CPUG

The Check Point User Group

A Resource For The Check Point Community.  Fast.  Useful.  Independent.

1. CCSA/CCSE One-Week Dual-Certification Training Course with CPUG in San Francisco!
    Courses Starting 11/3, 12/8, (2009) 1/19, 2/9, 3/9, 4/6, 5/4, 6/8, 7/6, 8/3, 9/7.
2. Join Us On LinkedIn - We now have a CPUG group.


Go Back   CPUG: The Check Point User Group > Check Point Firewall-1/VPN-1 And Related Products > Clustering (Security Gateway HA and ClusterXL)
Register FAQ Members List Calendar Search Today's Posts Mark Forums Read

Reply
 
LinkBack Thread Tools Display Modes
  #1 (permalink)  
Old 2006-04-14
crucial crucial is offline
Member
 
Join Date: 2006-03-24
Posts: 51
Rep Power: 3
crucial has an average reputation (10+)
Default Failed R60 upgrade, Rolled Back, Cluster not syncing

We have a management server running R60 and two cluster members on R54. On Tuesday night, we attempted to upgrade our R54 servers to R60. We brought one of the servers down, rebuilt it and brought it online. We had planned to push a policy to this server, bounce the other one, and rebuild that one after the first was online.

After the first one was back up, we were unable to push out a policy to the servers. So, we backtracked, wiped the first firewall again and reinstalled R54. So both servers are on R54 again.

Now, I am unable to get the cluster to be stable. The sync interface on the second firewall (the one we never changed) shows down. Also, we don't have the password for the second firewall (which is why we were wiping/rebuilding them to upgrade to R60.)

Here is some information from the first FW. Maybe somebody can make some recommendations on what to try next?



Code:
[fw-ep1]# cphaprob state

Cluster Mode:   New High Availability (Active Up)
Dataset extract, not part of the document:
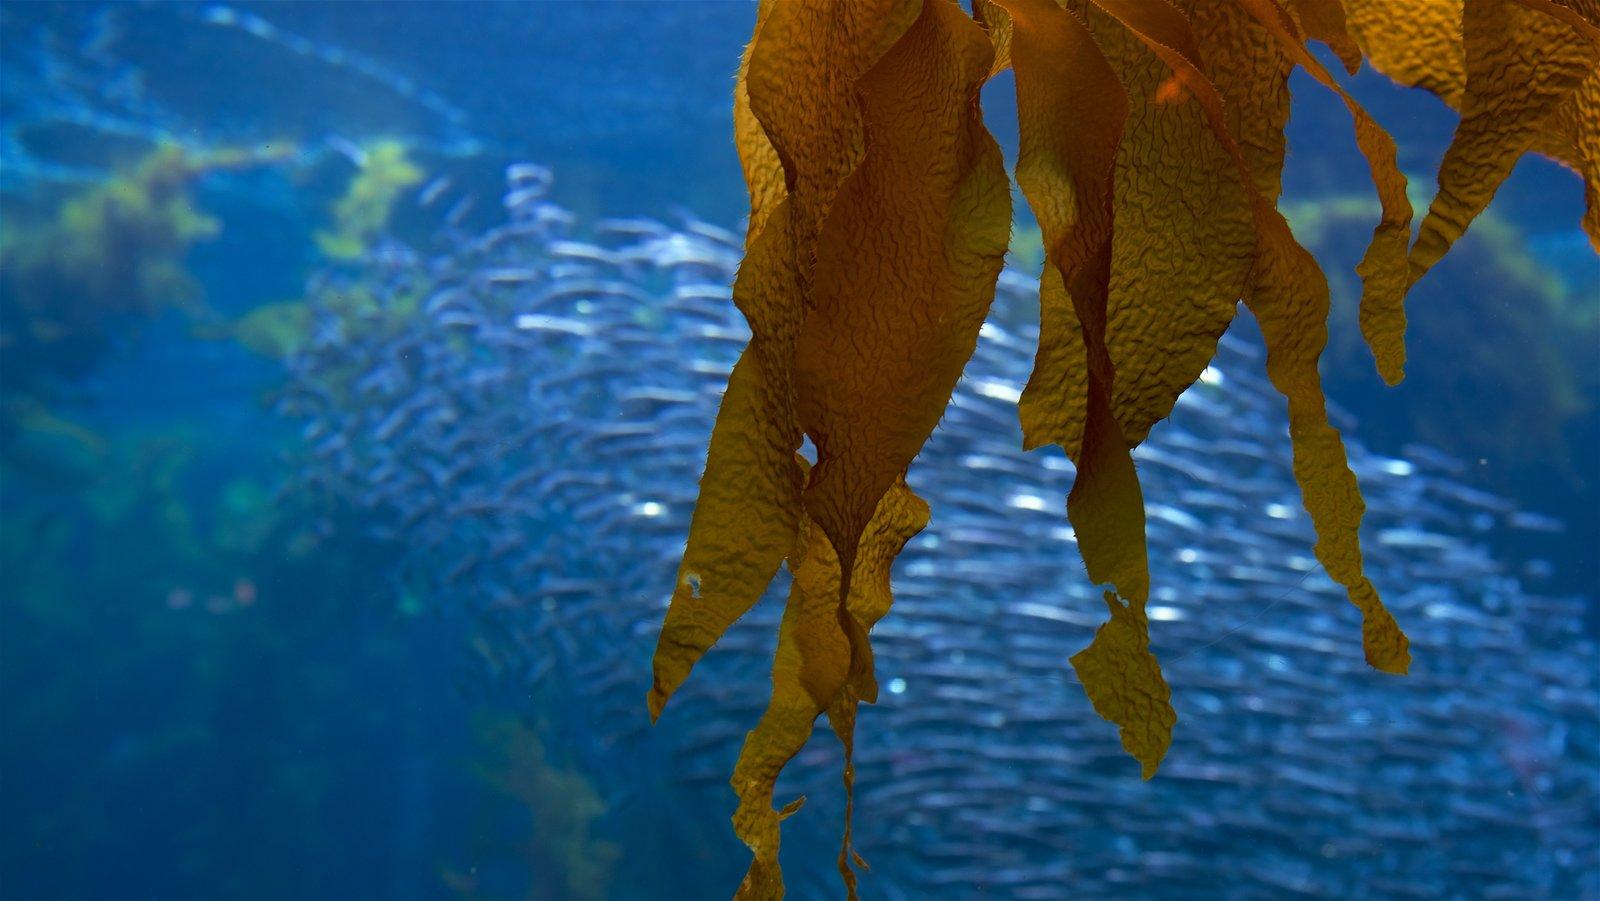 Monterey Bay Aquarium which includes marine life

Number     Unique Address  Assigned Load   State

1 (local)  192.168.32.44   100%            active
2          192.168.16.45   0%              down

Code:
Sync:
        Version: new
        Status: Able to Send/Receive sync packets
        Sync packets sent:
         total : 15096585,  retransmitted : 0, retrans reqs : 0,  acks : 0
        Sync packets received:
         total : 0,  were queued : 0, dropped by net : 0
         retrans reqs : 0, received 0 acks
         retrans reqs for illegal seq : 0
         dropped updates as a result of sync overload: 0 

[fw-ep1]#
Reply With Quote
  #2 (permalink)  
Old 2006-04-14
maurox maurox is offline
Member
 
Join Date: 2005-11-17
Location: Italy
Posts: 82
Rep Power: 3
maurox has an average reputation (10+)
Default Re: Failed R60 upgrade, Rolled Back, Cluster not syncing

Which OS ( for the password recovery procedure) do you have on the firewall machines ?
If you have the problems only on the secondary ( down ) machine , why don't you resinstall( OS an fw-1) that machine ?
Which problem did you have when you tried to push the policy on the NGX fw machine ?

Regards,
Maurox
Reply With Quote
  #3 (permalink)  
Old 2006-04-14
crucial crucial is offline
Member
 
Join Date: 2006-03-24
Posts: 51
Rep Power: 3
crucial has an average reputation (10+)
Default Re: Failed R60 upgrade, Rolled Back, Cluster not syncing

We are running splat on the enforcement points and W2k on the management server.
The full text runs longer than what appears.